O meu futuro é incerto.

O futuro da minha família também.

O que é pior, sou rico, muito rico.

Já troquei por várias vezes de administrador, mas não adianta, sempre sou roubado.

Não sei o que fazer.

Estou morto, mas estou vivo, muito vivo.

Sou rico, mas sou pobre.

Vivo, eu e meus filhos do resto, do resto da sociedade dominante, do resto dos meus administradores, que sugam o meu dinheiro, antes de irem embora.

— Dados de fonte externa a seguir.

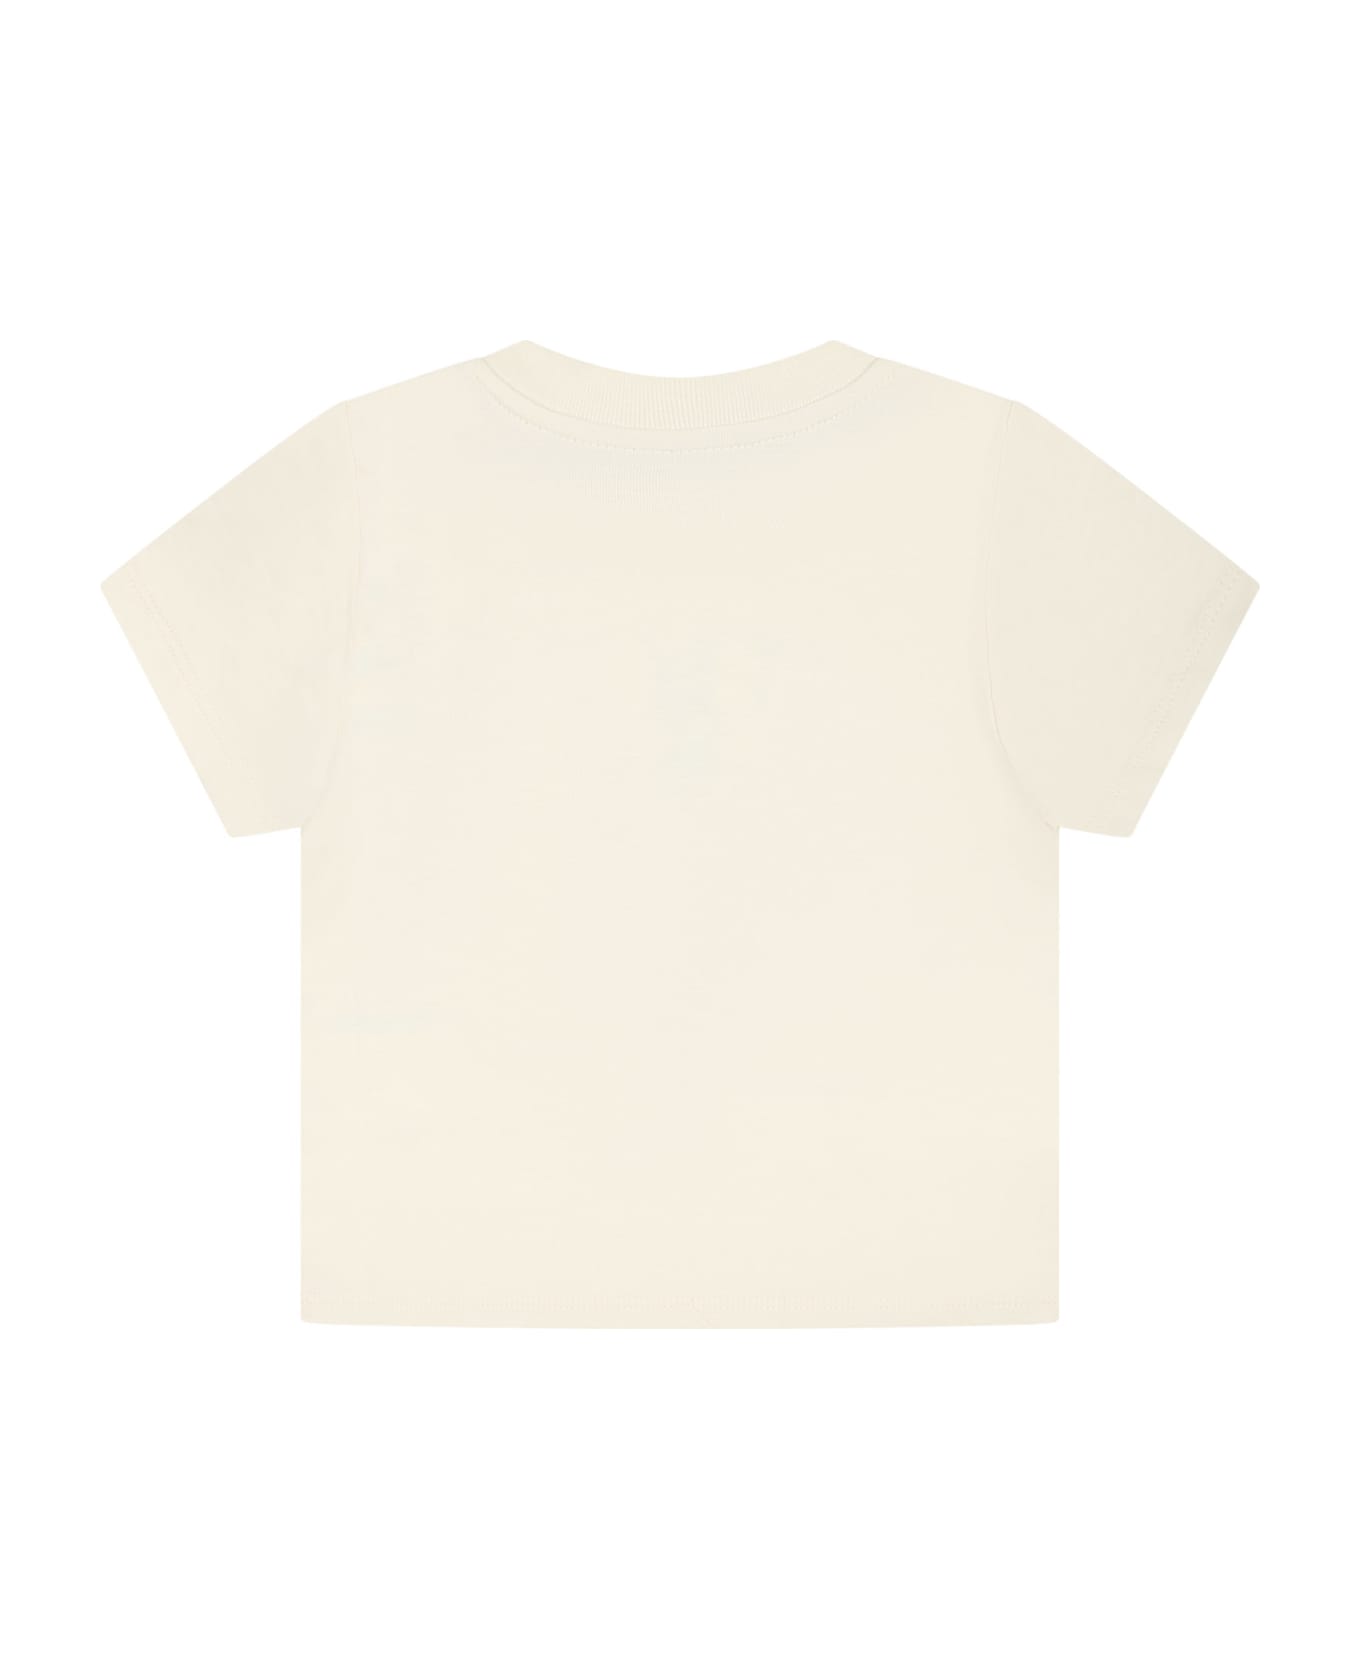 Gucci Ivory T-shirt For Baby Girl With Peter Rabbit - IVORY Tシャツ＆ポロシャツ

Senhor, sei que esta carta esta ficando chata, mas, é que eu preciso falar estas coisas.

Preciso me abrir com o Senhor, só o Senhor pode me ajudar, antes que seja tarde.

Tarde demais.

Para os meus administradores tudo esta bem, estou com boa saúde, meus filhos também.

Estou bem seguro, dizem que a minha segurança é exemplar, bem como a de meus filhos, o que não é verdade.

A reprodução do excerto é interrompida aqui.